Specifically, we highlight (i) an activation of the hexosamine pathway in the liver, likely as a consequence of an endoplasmic reticulum stress and an unfold protein response, that may impact the hepatic signaling through O-GlcNAcylation; (ii) a reduction in the carnitine levels and its biosynthesis, and in the phosphatidylinositol pathway as potential contributors to the hepatic steatosis found in these mice; (iii) a reduction in the transformation of carbohydrates and proteins by the gut bacteria, that associates to specific host genic modulations (metabolic and gut barrier functions) (Pötgens et al, J Cach Sarc Muscle 2021).

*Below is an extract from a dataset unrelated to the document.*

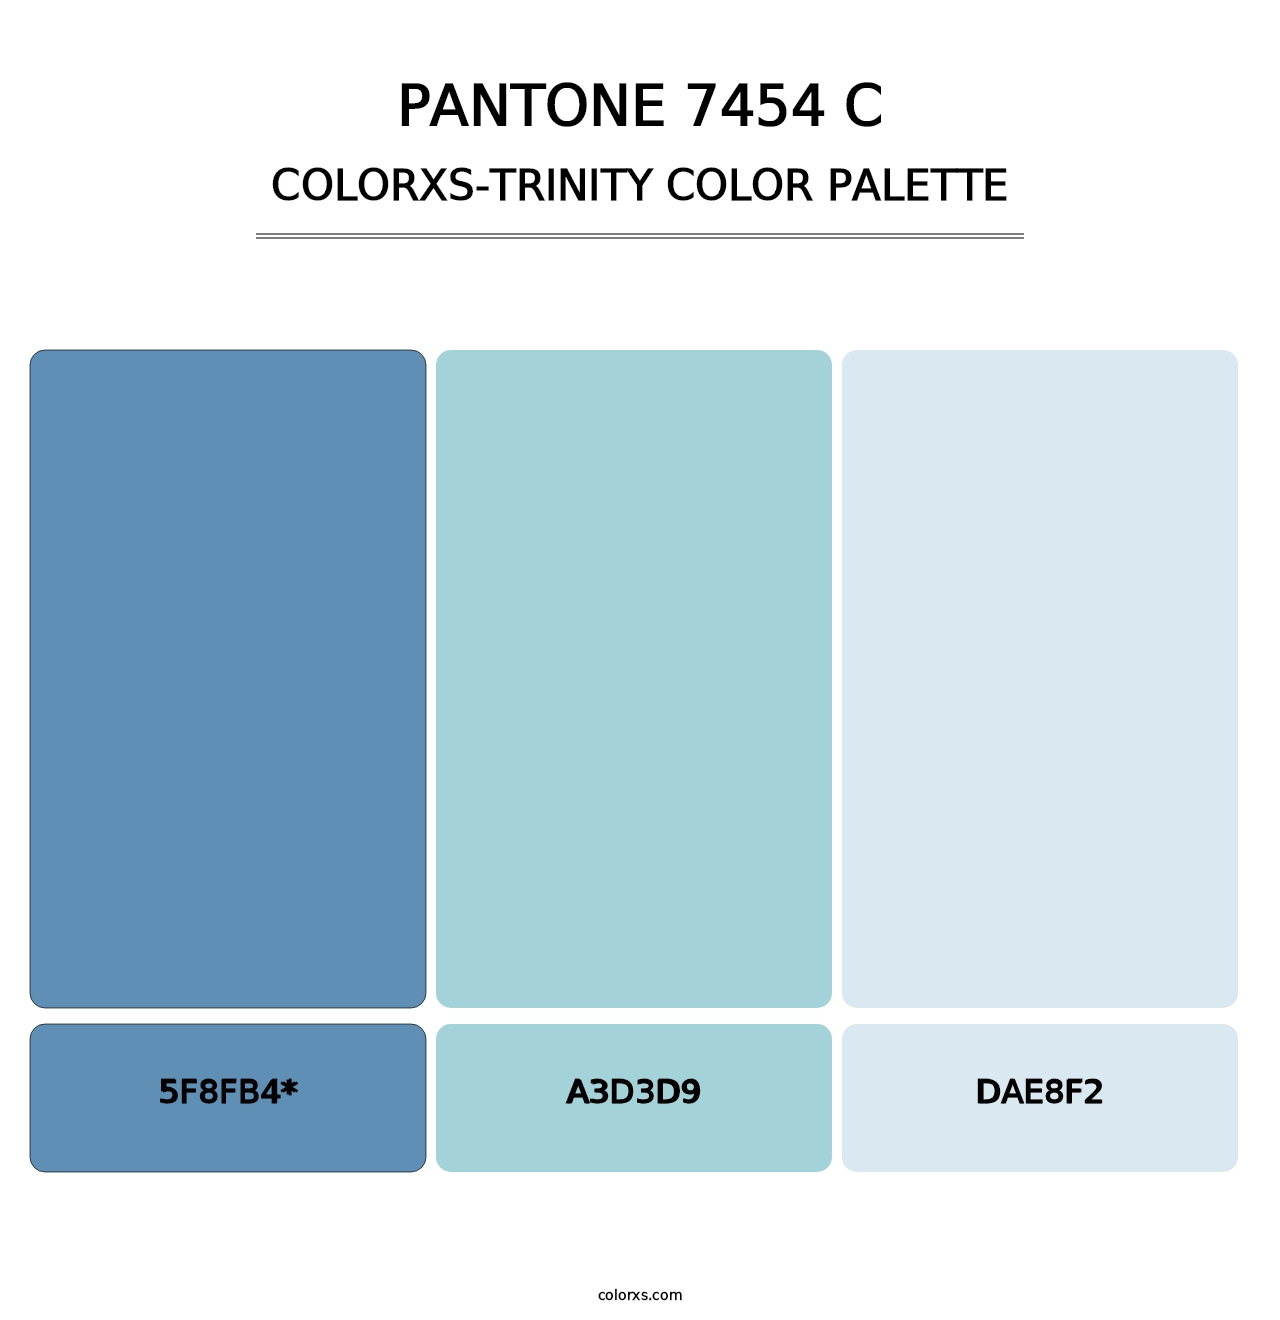 PANTONE 7454 C - Colorxs Trinity Palette

We further investigated the contribution of bile acids, one of the bacterial co-metabolites identified through this metabolomic study. This led us to highlight a cholestasis in cancer cachexia (2 mouse models and one cohort of 94 patients) and to unequivocally demonstrate that systemic inflammation strongly contributes to the impairment of the hepatobiliary transport system in cancer cachexia. Targeting the enterohepatic circulation, we showed that bile acids contribute to hepatic inflammation and disorders. Altogether, our work highlights a vicious circle between bile acids and inflammation and paves the way to new therapeutic strategies targeting bile acids to control hepatic inflammation and metabolic disturbances in cancer cachexia (Thibaut et al, J Cach Sarc Muscle 2021).

Food intake, appetite and satiety are mainly integrated at the level of hypothalamic neuronal circuits. Importantly, energy balance is also controlled by hedonic/reward brain systems encoded by the neuronal network of the mesolimbic dopaminergic system. Hedonic properties of food stimulate feeding and some food substances (e.g., sugars, sweeteners, salt, and lipids) are more prompt to be involved in these addictive processes. These effects are mediated by abrupt dopamine increases in the brain reward system. This mesocorticolimbic system encodes for the three psychological component of reward: liking, wanting and learning.

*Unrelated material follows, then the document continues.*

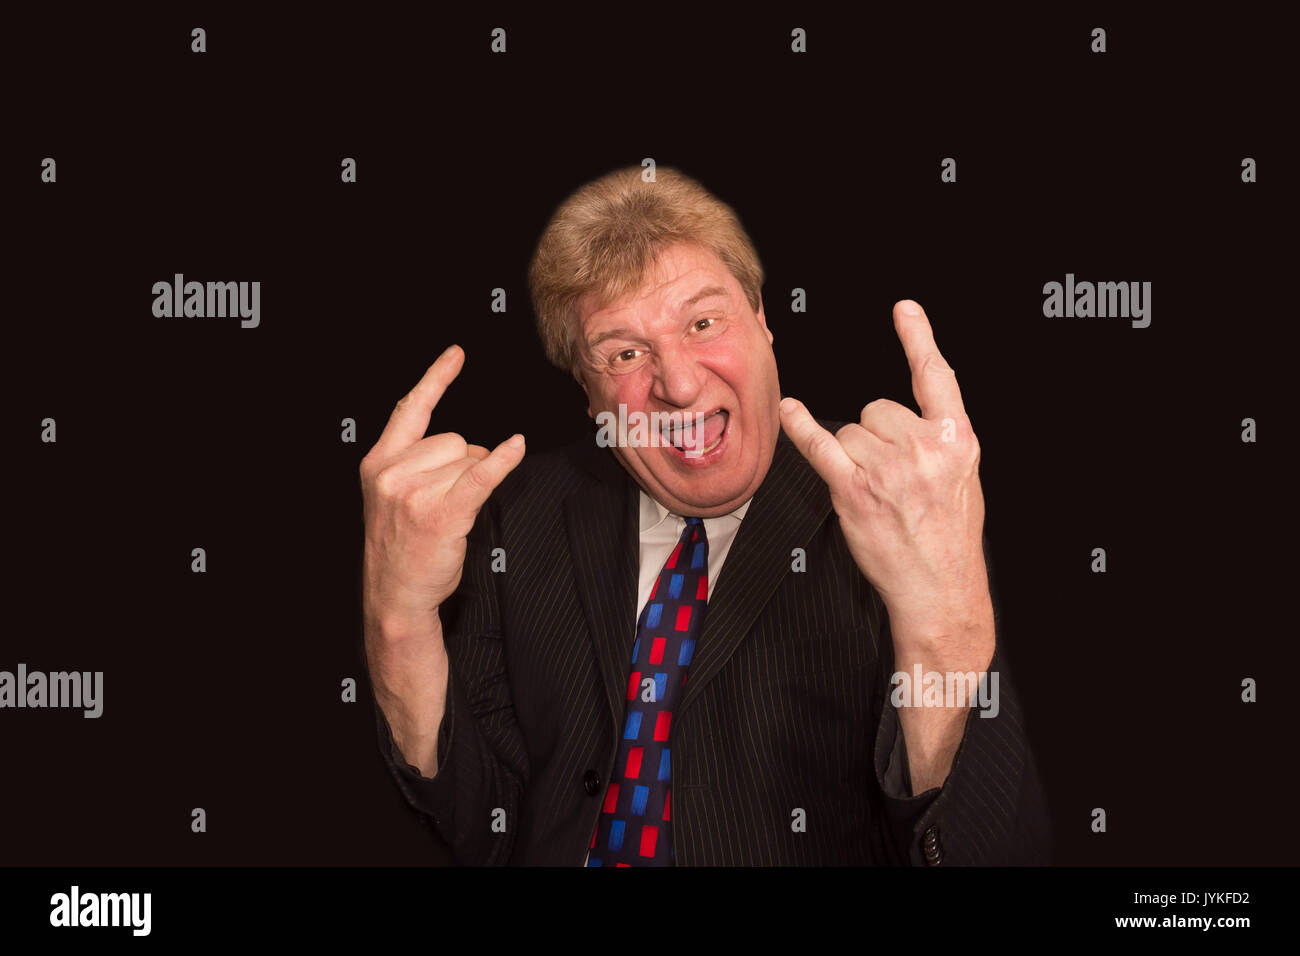 elderly-man-making-a-horns-gesture-depicting-heavy-metal-rock-music-JYKFD

During obesity, this gut-to-brain axis is altered at the level of the hedonic responses to food intake, leading to an abnormal increase in energy consumption. Moreover, the concept of the implication of the gut microbiota in the gut-to-brain axis to control food intake emerged over these last years, however the mechanisms still remain incompletely known and the roles of the gut microbiota in the regulation of hedonic/reward aspects of food intake are completely unknown.

Therefore, it is of utmost importance to fill in this gap to better understand the alterations of the gut-to-brain axis to control food intake during obesity and the implication of the gut microbiota in that context.

The originality of this work is to investigate how gut microbes are able to control hedonic and reward system in healthy conditions as well as in the physiopathology of obesity.

In order to proof a causal link between gut microbiota and alterations of hedonic response to food intake associated with obesity, we use gut microbiota transplantation. Preliminary data suggest that transferring the gut microbiota from high-fat diet-induced obese mice into control diet fed mice is enough to alter the dopaminergic signalling in the striatum of the mice in a similar way to alterations observed during obesity such as reduction of D2 receptor. Moreover, these alterations of dopaminergic signalling are associated with alteration of psychological component of reward such as liking. Indeed mice transplanted with the gut microbiota from high-fat diet-induced obese mice present a reduction of the high-fat high-sugar diet consumption in comparison to mice transplanted with the gut microbiota from control fed mice. Altogether these data suggest for the first time the implication of the gut microbiota into the alteration of hedonic regulation of food intake during obesity. These preliminary data need to be confirmed and we will investigate the mechanisms involved in these interactions between the gut microbiota and the hedonic regulation of food intake during obesity.